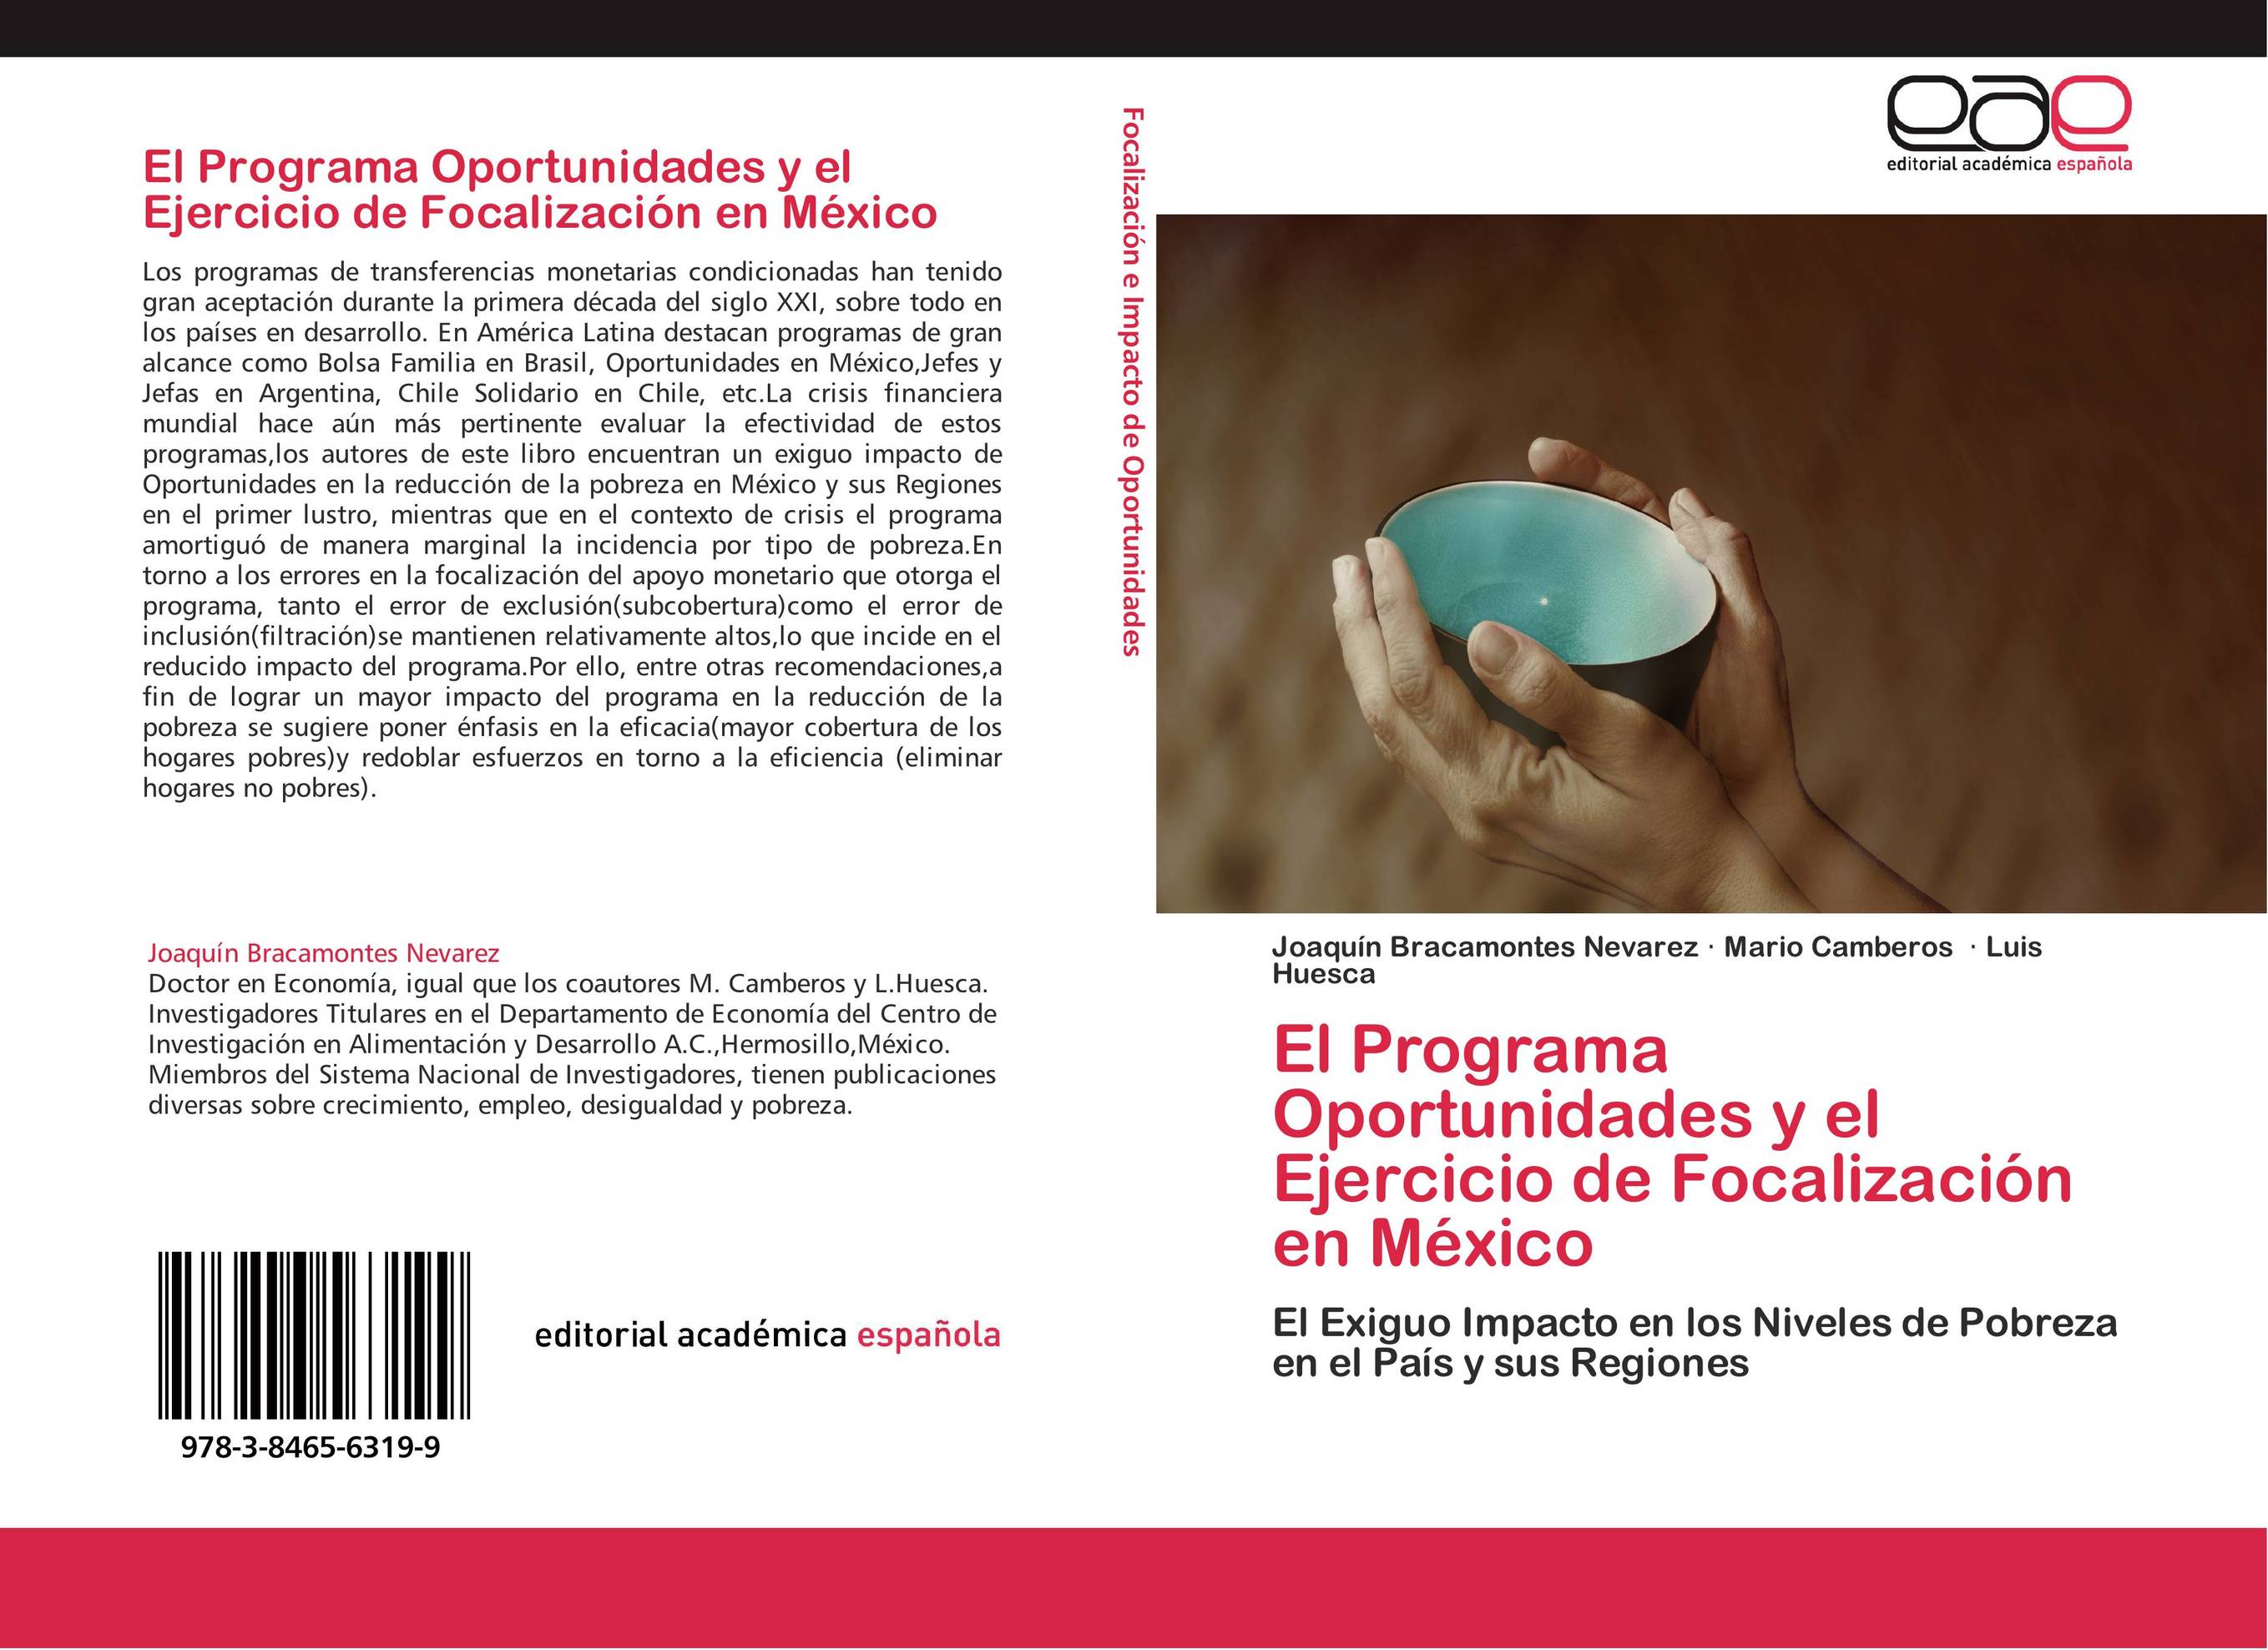 El Programa Oportunidades y el Ejercicio de Focalización en México
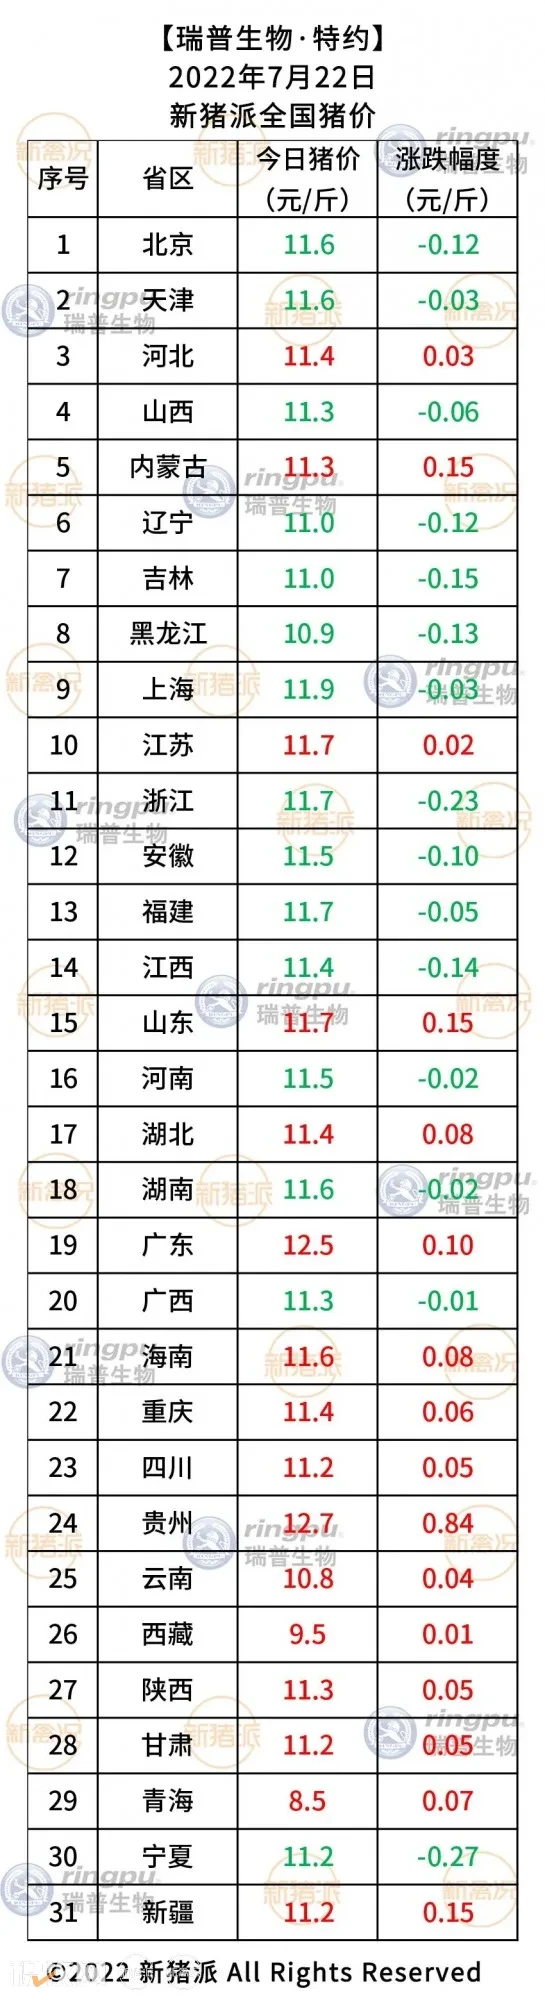 月22日：贵州、广东涨至12.5元/斤以上【瑞普生物·猪价指数】"
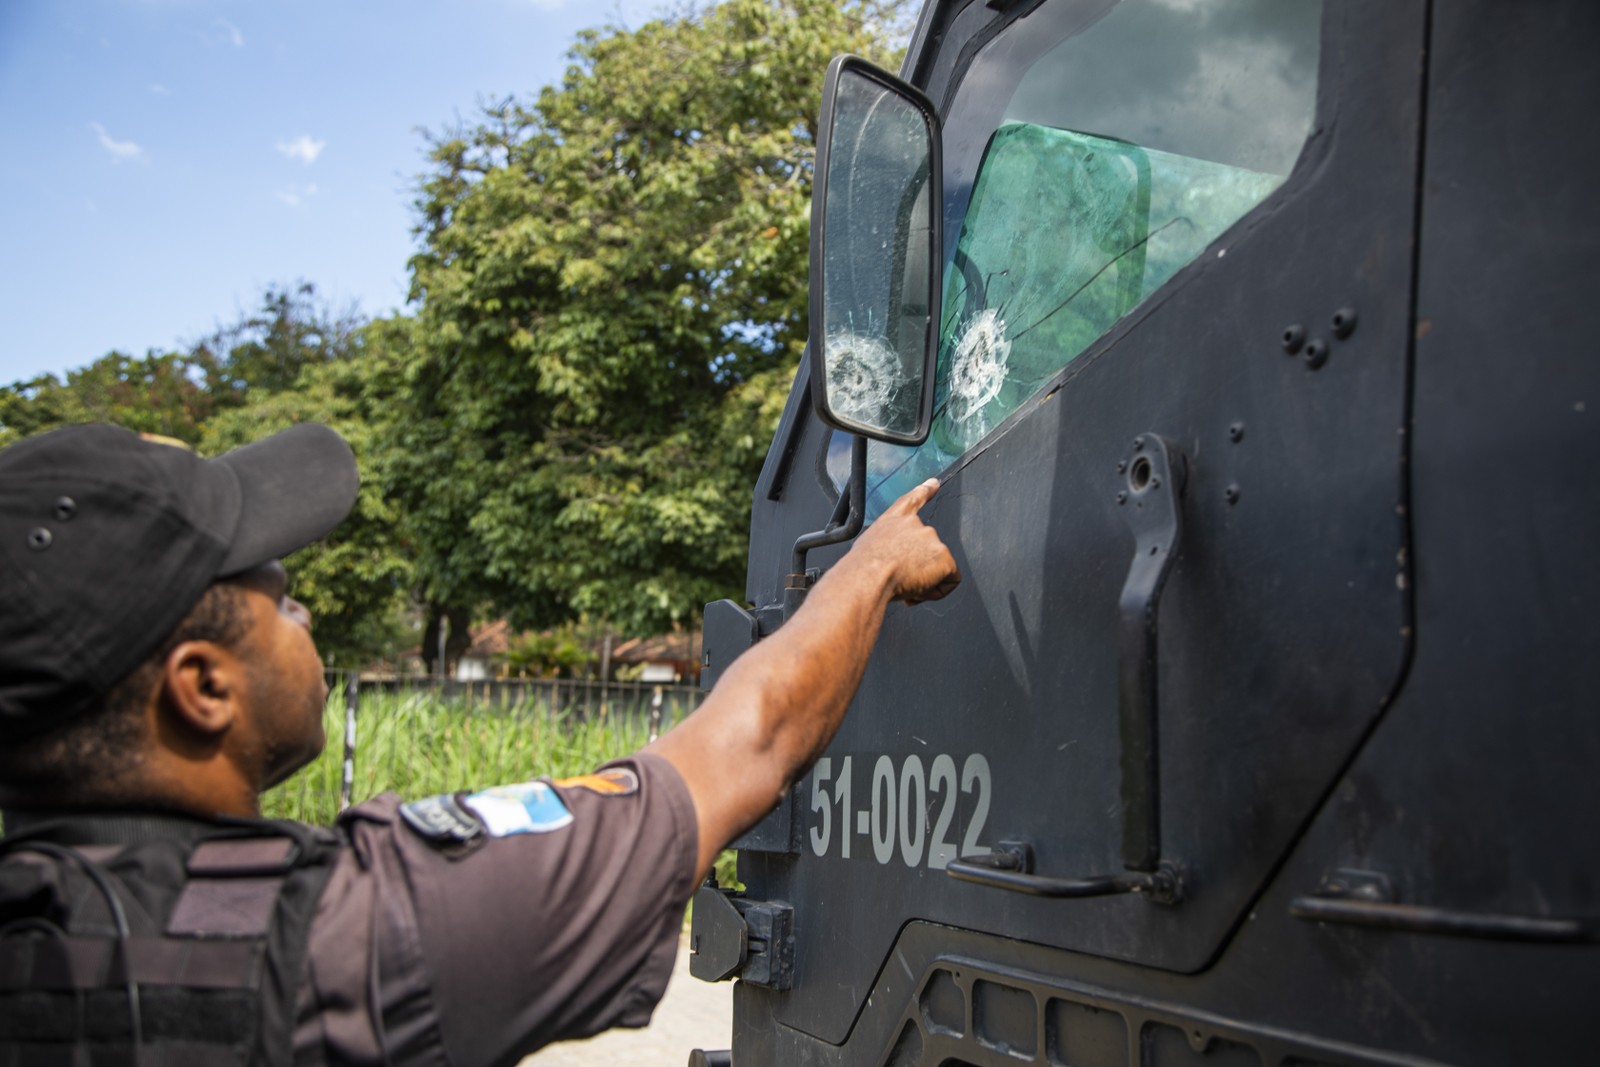 PM mostra marca de tiro em blindado usado pelo Bope em operações em comunidades do Rio Guito Moreto / Agência O Globo

━━━━━━

→ Try it: Print the full listing again exactly, and drop every image from it.

→ Output for this exercise:
 El Programa Oportunidades y el Ejercicio de Focalización en México
 月22日：贵州、广东涨至12.5元/斤以上【瑞普生物·猪价指数】"
 PM mostra marca de tiro em blindado usado pelo Bope em operações em comunidades do Rio Guito Moreto / Agência O Globo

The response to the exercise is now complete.